In this final step, you will verify and analyze the results of your brute-force attack. Hashcat automatically stores successfully cracked passwords in a special file called the "potfile". This acts as a database of all passwords you've recovered during your cracking sessions. We'll examine this to confirm which passwords were successfully cracked.

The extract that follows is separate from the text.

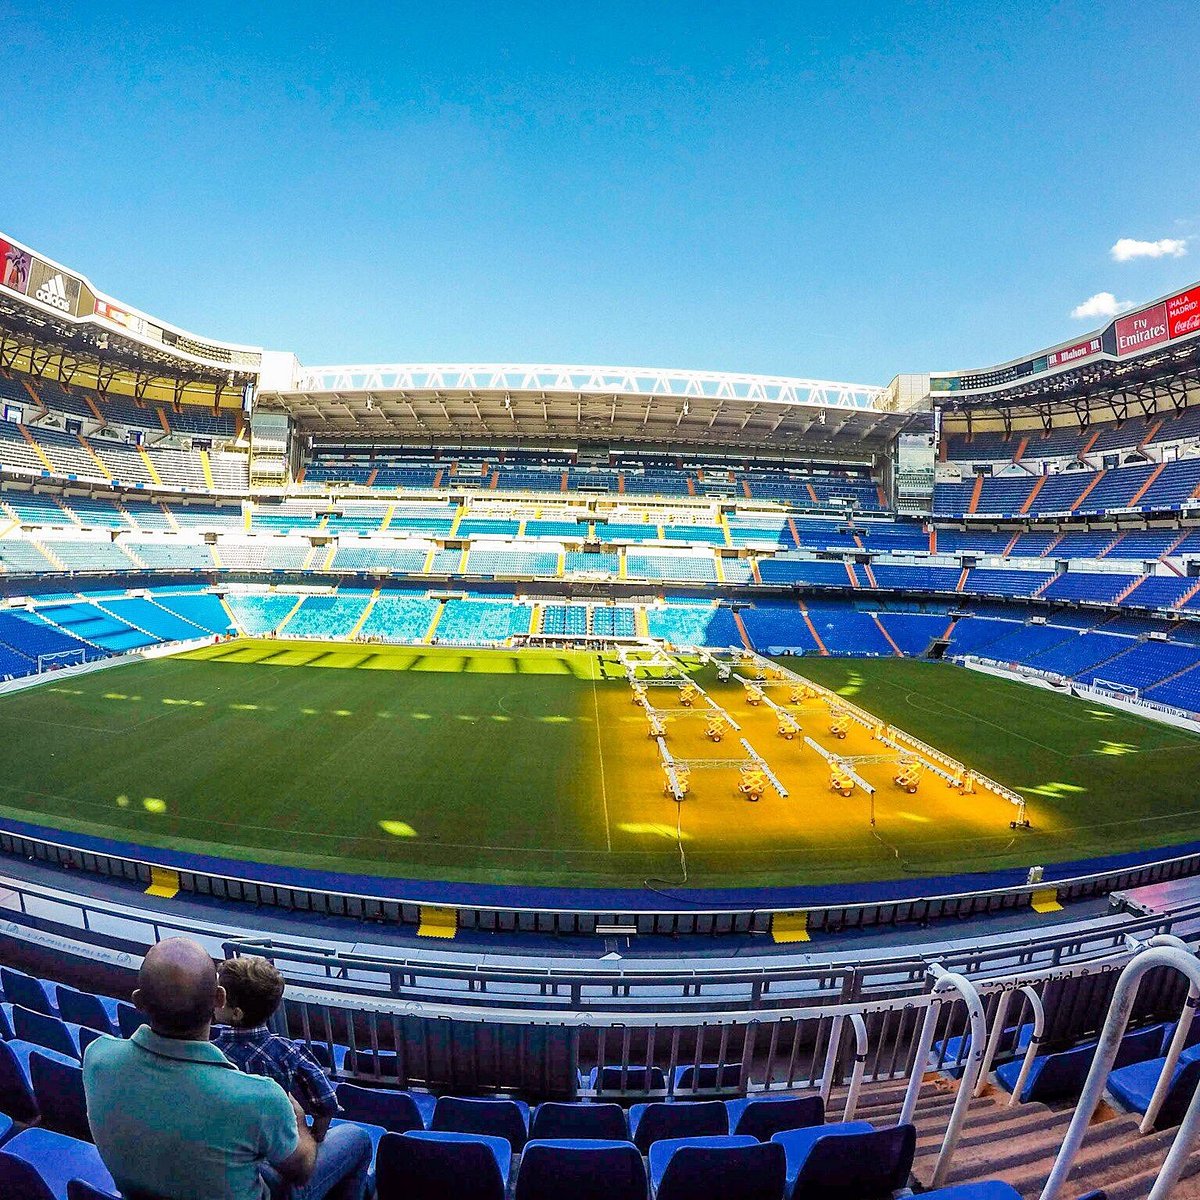 Estadio de Santiago Bernabéu, Spain - Warmup

First, let's navigate to our working directory where we stored our hash file. This ensures we're working with the correct files:

cd ~/project

To view all cracked hashes from your attack, we use the --show flag with Hashcat. This command specifically looks for MD5 hashes (mode 0) in our hashes.txt file and displays any matches found in the potfile:

hashcat -m 0 hashes.txt --show

You should see output similar to this, showing the original hash followed by its cracked plaintext password:

5f4dcc3b5aa765d61d8327deb882cf99:password
098f6bcd4621d373cade4e832627b4f6:test

For a more comprehensive understanding of your cracking session, the --status flag provides valuable statistics. This shows how many hashes were cracked, the hash type, and performance metrics:

hashcat -m 0 hashes.txt --status

This will display important information including:

Session.Name.....: hashcat
Status..........: Exhausted
Hash.Name.......: MD5
Hash.Target.....: hashes.txt
Time.Started....: [timestamp]
Time.Estimated..: [timestamp]
Recovered.......: 2/2 (100.00%)
Progress.......: [progress]
Speed.#1.......: [speed] H/s

To generate a complete report of your cracking session that you can save and review later, use the following commands. The first creates a formatted report file, and the second displays its contents:

hashcat -m 0 hashes.txt --outfile-format=2 --outfile=results.txt
cat results.txt

The report will contain detailed information about each cracked hash, including the hash type, plaintext password, and the exact time it took to crack each one. This documentation is particularly useful when you need to analyze your cracking performance or share results with others.

Summary

In this lab, you have learned how to install and configure Hashcat, a powerful password recovery tool, by updating the package manager and verifying its version. You also prepared a hash file containing sample MD5 hashes and confirmed its contents using basic Linux commands.

Additionally, you explored Hashcat's GPU support for performance optimization and conducted a brute-force attack to crack the sample hashes. This practical exercise demonstrated Hashcat's essential role in cybersecurity for password recovery and vulnerability assessment scenarios.